C is also subtype of B
E and F are subtypes of B
PS:
I am editing this question again to be more specific (because of a complains about being of-topic!): I am looking for a theorem prover / proof assistance in which I can define the above structure in a straight forward manner (not with workarounds as it is kindly described by some respectable answers here). If I take the types as classes then It seems above subtypings could be easily formulated in C++! So I am looking for a formal system / tool that I can define such a subtyping structure there and I can reason?
Many thanks
PVS has traditionally emphasized "predicate subtyping" a lot, but the system is a bit old-fashioned these days and has fallen behind the other big players that are more active: Coq, Isabelle/HOL, Agda, other HOLs, ACL2.
You did not make your application clear. I reckon that any of the big systems could be applied to the problem, one way or the other. Formalization is a matter to phrase your problem in a suitable way within the given logical environment. Logics are not programming languages, but have the real power of mathematics. Thus with some experience in a particular logic, you will be able to do great and amazing things that you did not expect at first sight.
When choosing your system, lists of particular low-level features are not so relevant. It is more important that you like the general style and culture of the system, before you make a commitment. You can compare that to learning a foreign language. Before you spend months or years to study do you collect features of the grammar? I don't think so.
You include the 'isabelle' tag, and it happens to be that according to "Wiki Subtyping", Isabelle provides one form of subtyping, "coercive subtyping", though as explained by Andreas Lochbihler, Isabelle doesn't really have subtyping like what you're wanting (and others want, too).
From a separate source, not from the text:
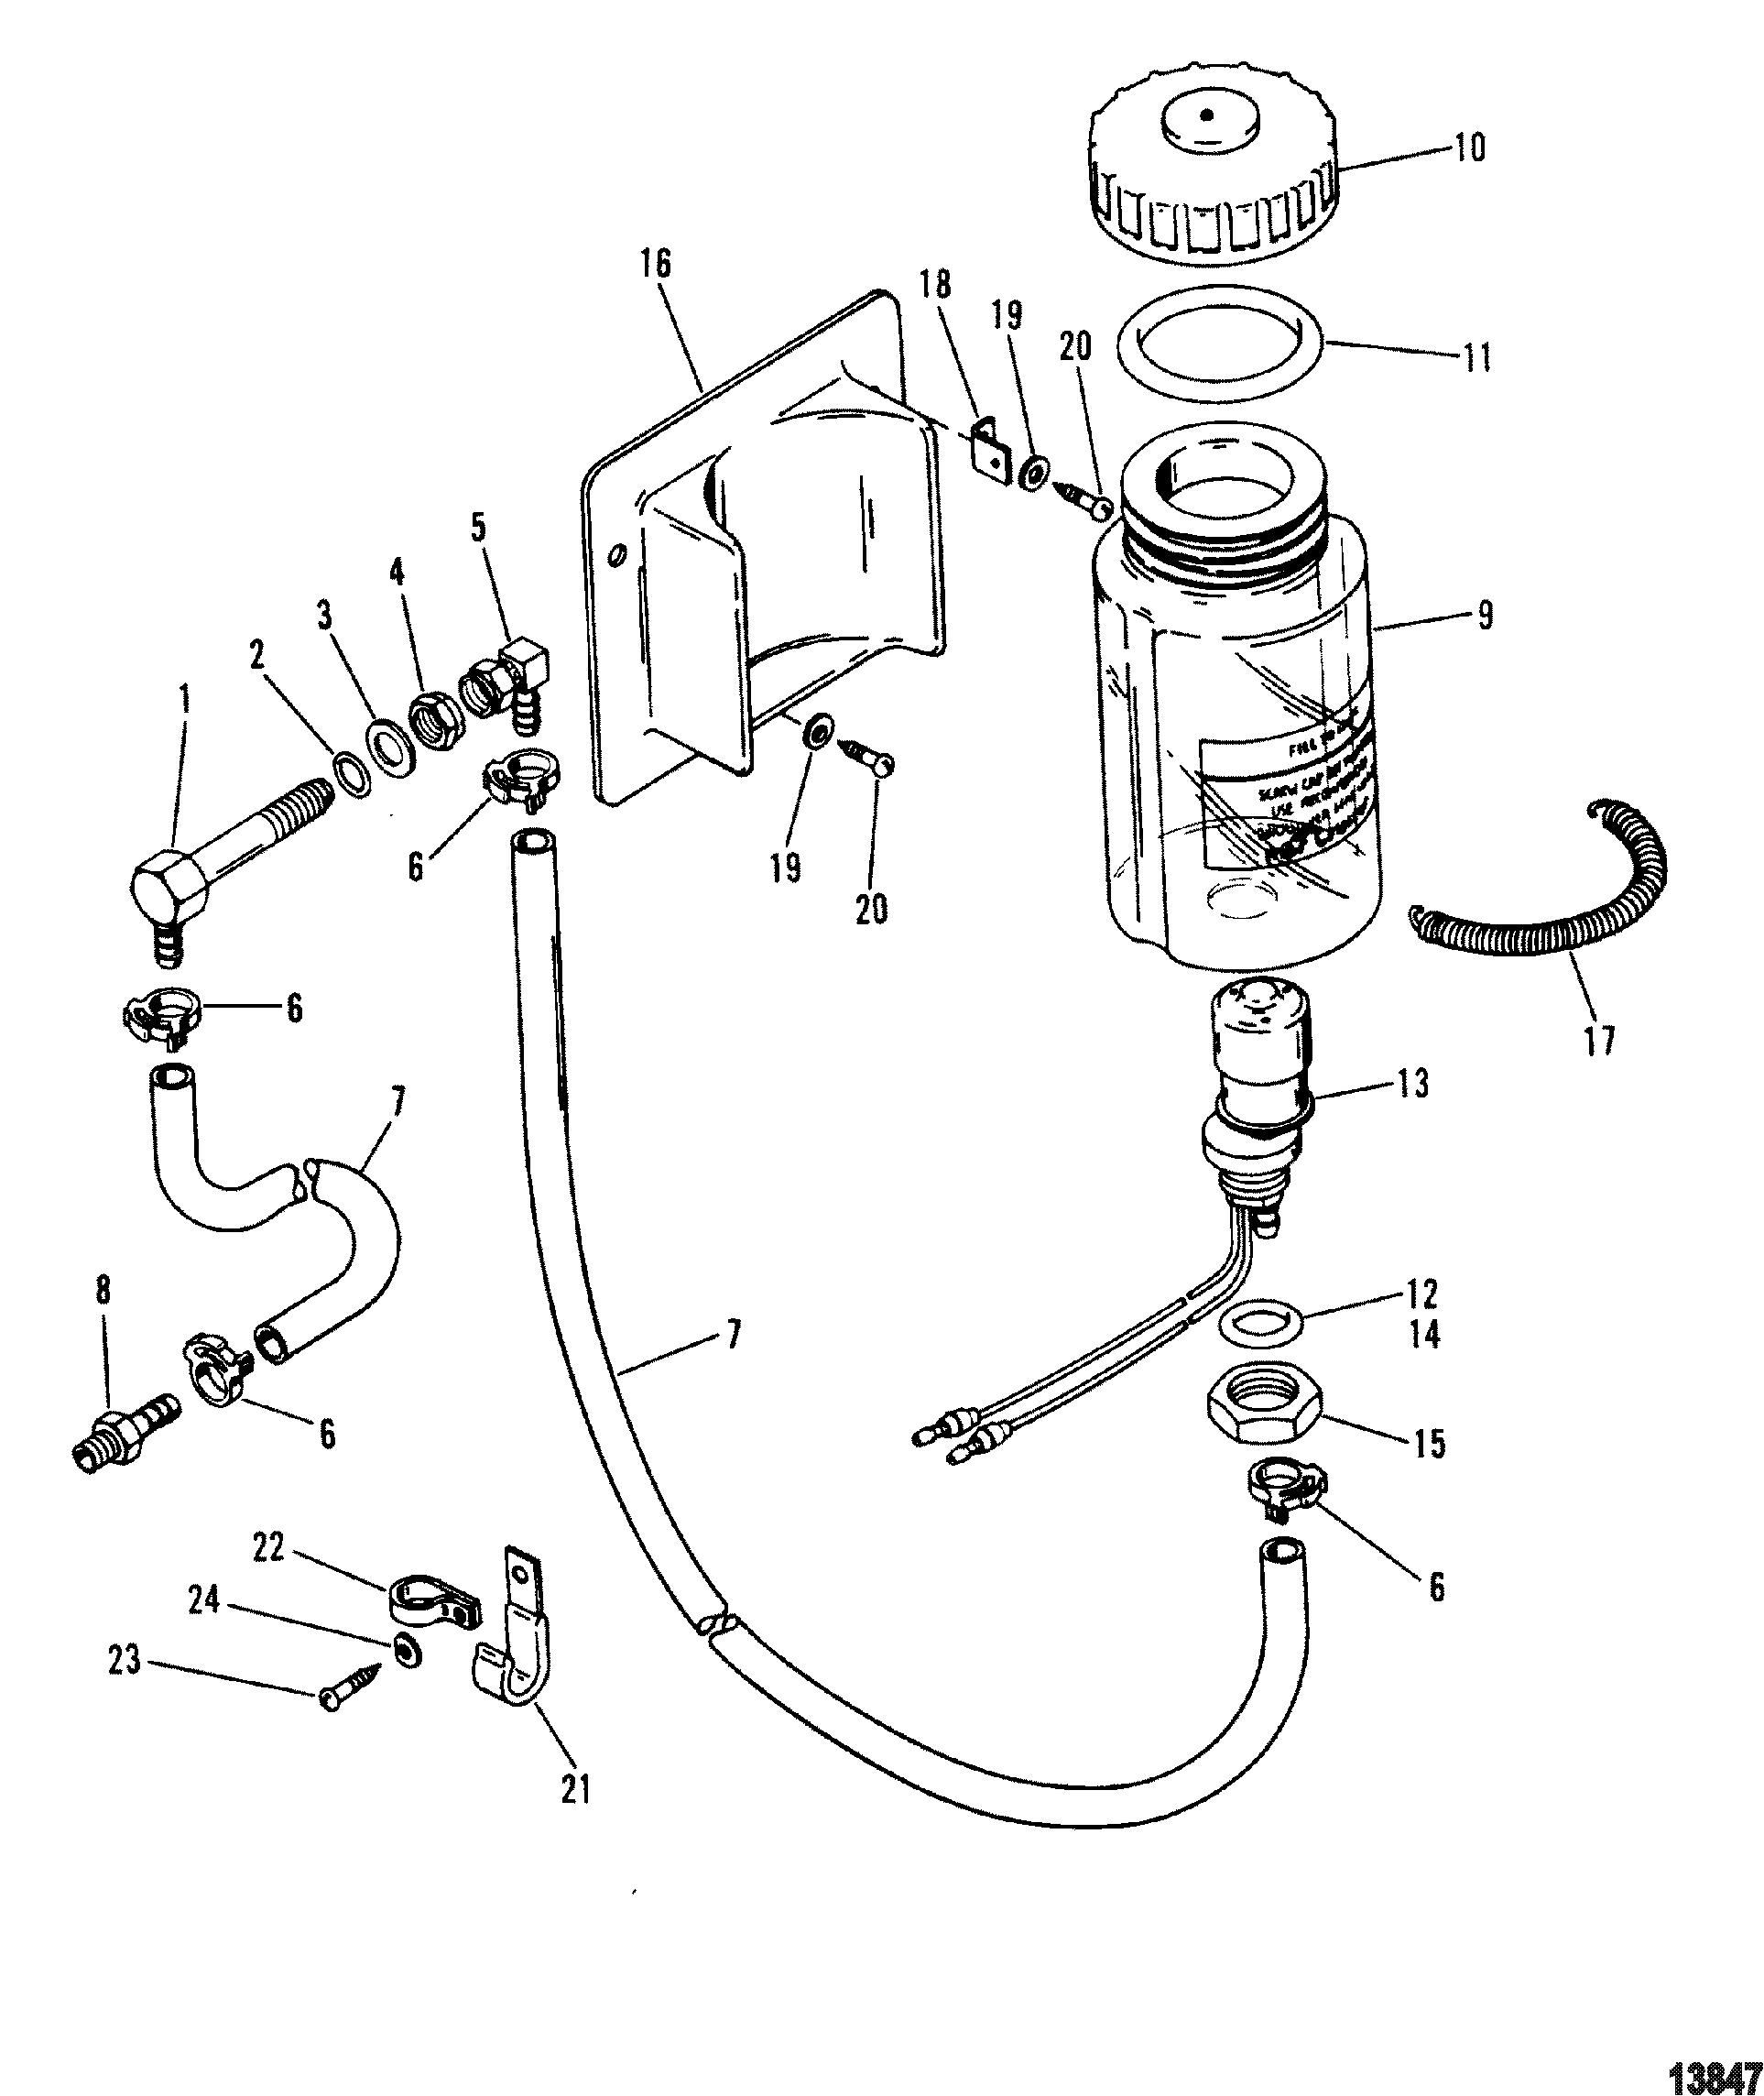 alpha one sterndrive parts diagram show er for library management system oil reservoir components round bottle mercruiser

However, you're talking in vague generalities, so I easily provide a contrived example that meets the requirements of your 5 types. And though it is contrived, it's not meaningless, as I explain below.
(*The 5 types.*)
datatype tA = tA_con int rat real
type_synonym tB = "(nat * int)"
type_synonym tC = int
type_synonym tE = rat
type_synonym tF = real
(*The small amount of code required to automatically coerce from tC to tB.*)
fun coerce_C_to_B :: "tC => tB" where "coerce_C_to_B i = (0, i)"
declare [[coercion coerce_C_to_B]]
(*I can use type tC anywhere I can use type tB.*)
term "(2::tC)::tB"
value "(2::tC)::tB"
In the above example, it can be seen that types tC, tE, and tF lend themselves naturally, and easily, to being coerced to types tA or tB.
This coercion of types is done quite a bit in Isabelle. For example, the type nat is used to define int, and int is used to define rat. Consequently, nat is automatically coerced to int, though int isn't to rat.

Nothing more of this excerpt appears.